Your goal - Look below for the line that has "[BẢO HÀNH 12T]"; output exactly from it through the line that has "An Elder wand on a cobbled street", and leave the pictures out.

Dataset content -
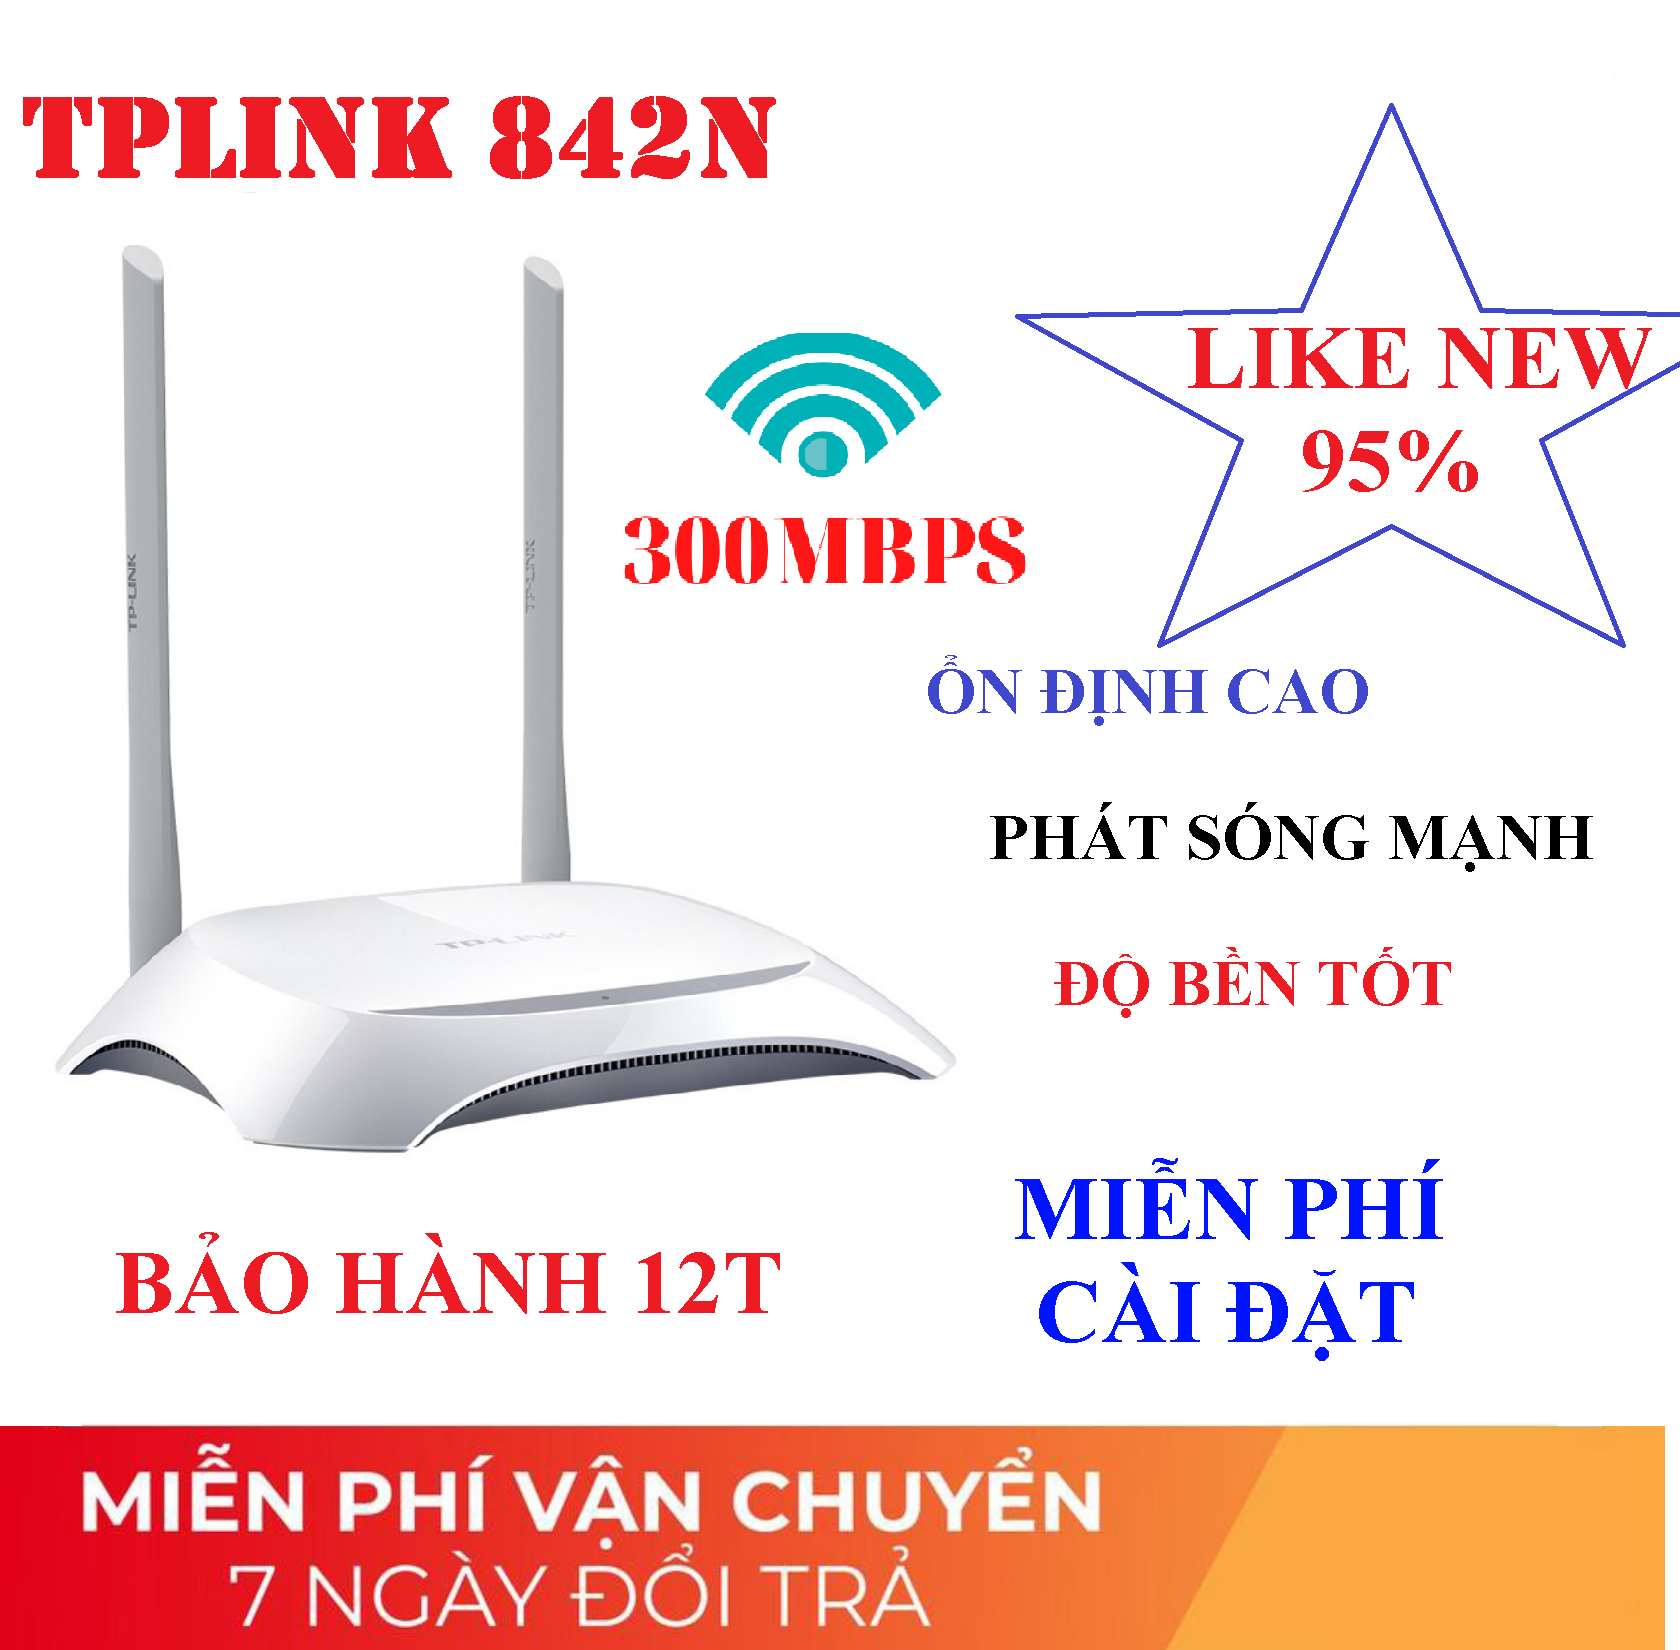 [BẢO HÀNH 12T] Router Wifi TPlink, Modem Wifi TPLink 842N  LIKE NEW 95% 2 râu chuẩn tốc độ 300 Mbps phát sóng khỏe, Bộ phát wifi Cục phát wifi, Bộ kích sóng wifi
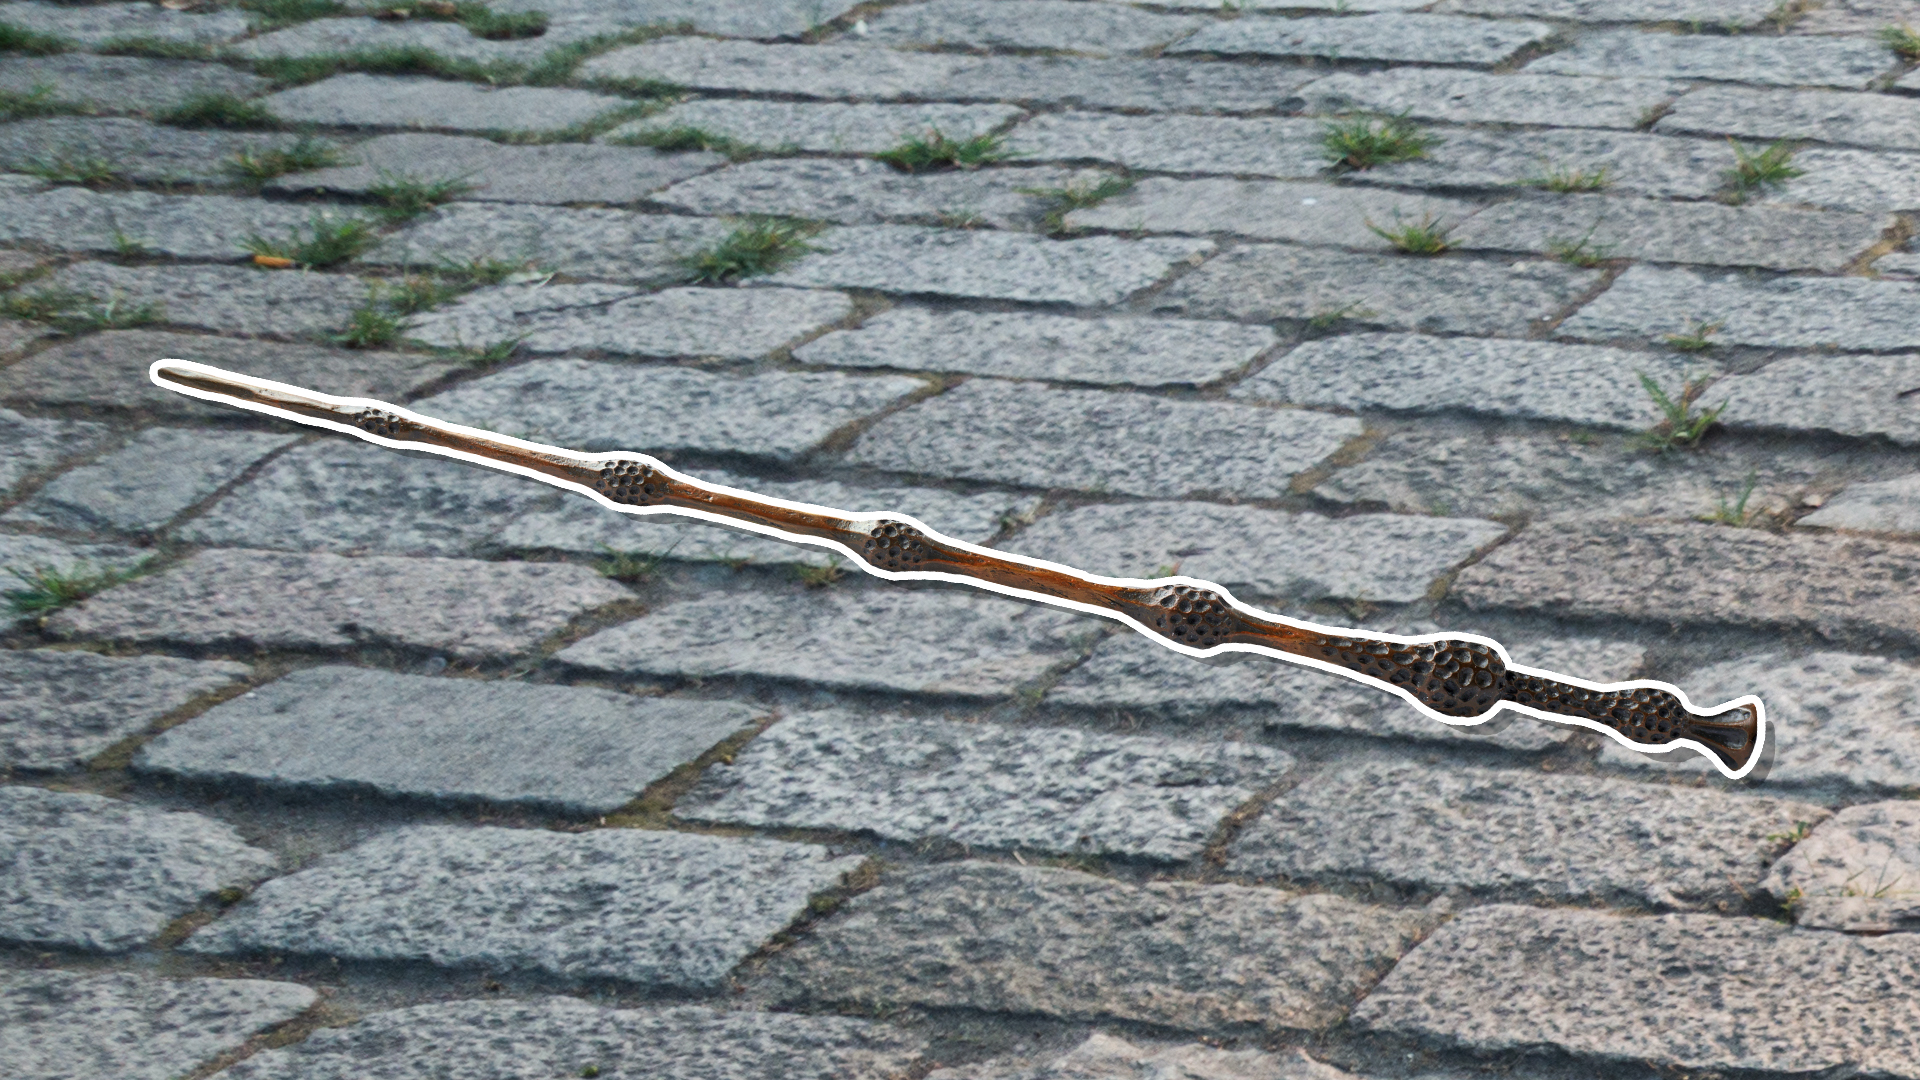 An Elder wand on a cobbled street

* * *

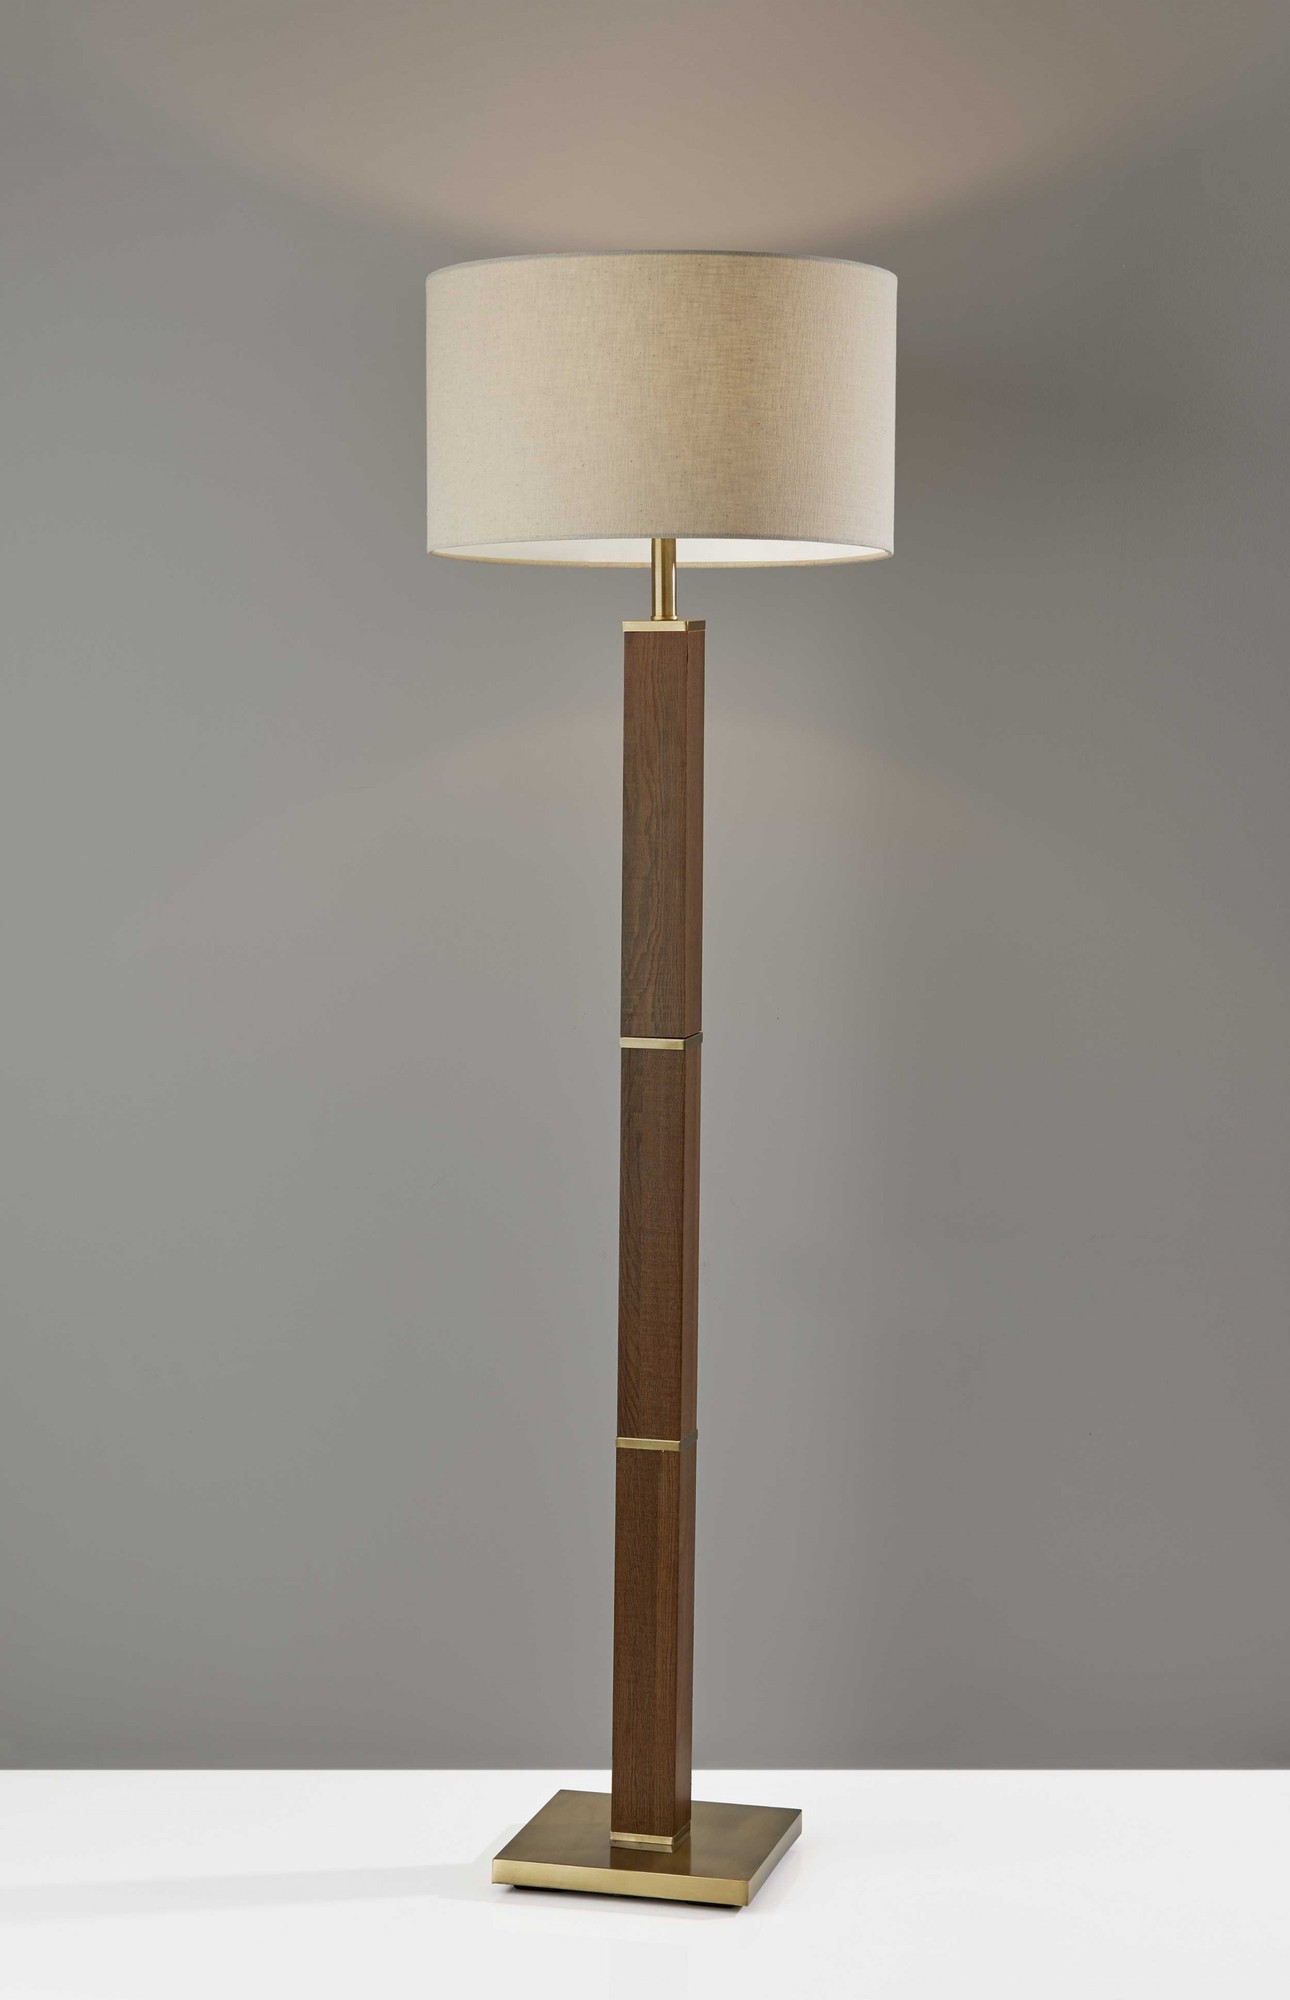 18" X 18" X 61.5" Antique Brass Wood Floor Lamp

* * *

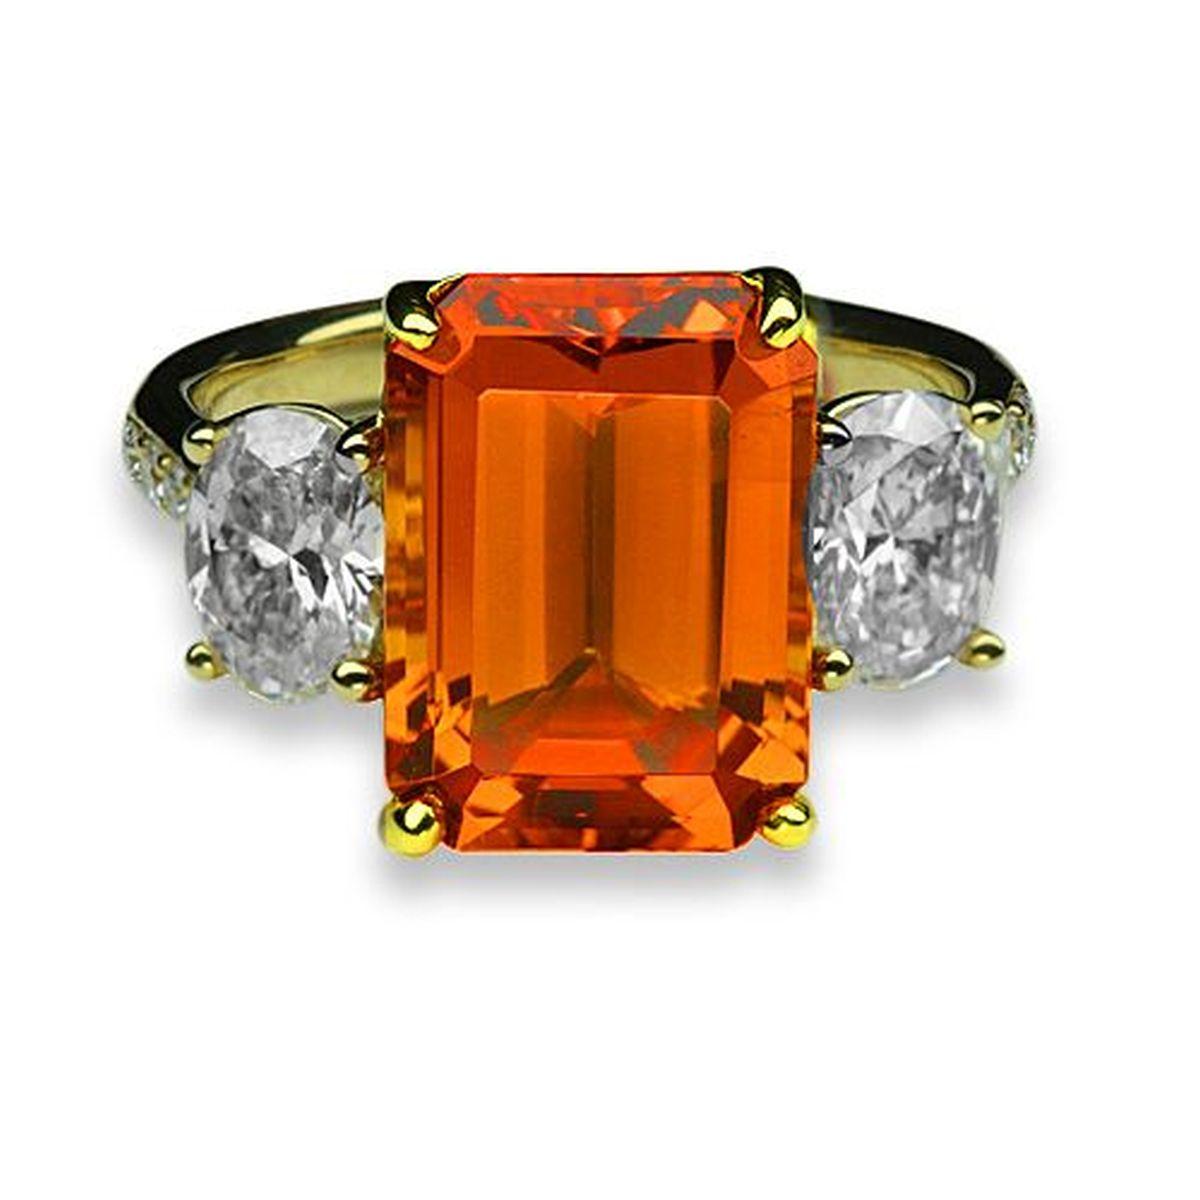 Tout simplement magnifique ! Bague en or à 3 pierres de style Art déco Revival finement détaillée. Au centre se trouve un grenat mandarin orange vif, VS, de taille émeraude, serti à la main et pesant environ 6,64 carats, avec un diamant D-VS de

Answer section -
 [BẢO HÀNH 12T] Router Wifi TPlink, Modem Wifi TPLink 842N  LIKE NEW 95% 2 râu chuẩn tốc độ 300 Mbps phát sóng khỏe, Bộ phát wifi Cục phát wifi, Bộ kích sóng wifi
 An Elder wand on a cobbled street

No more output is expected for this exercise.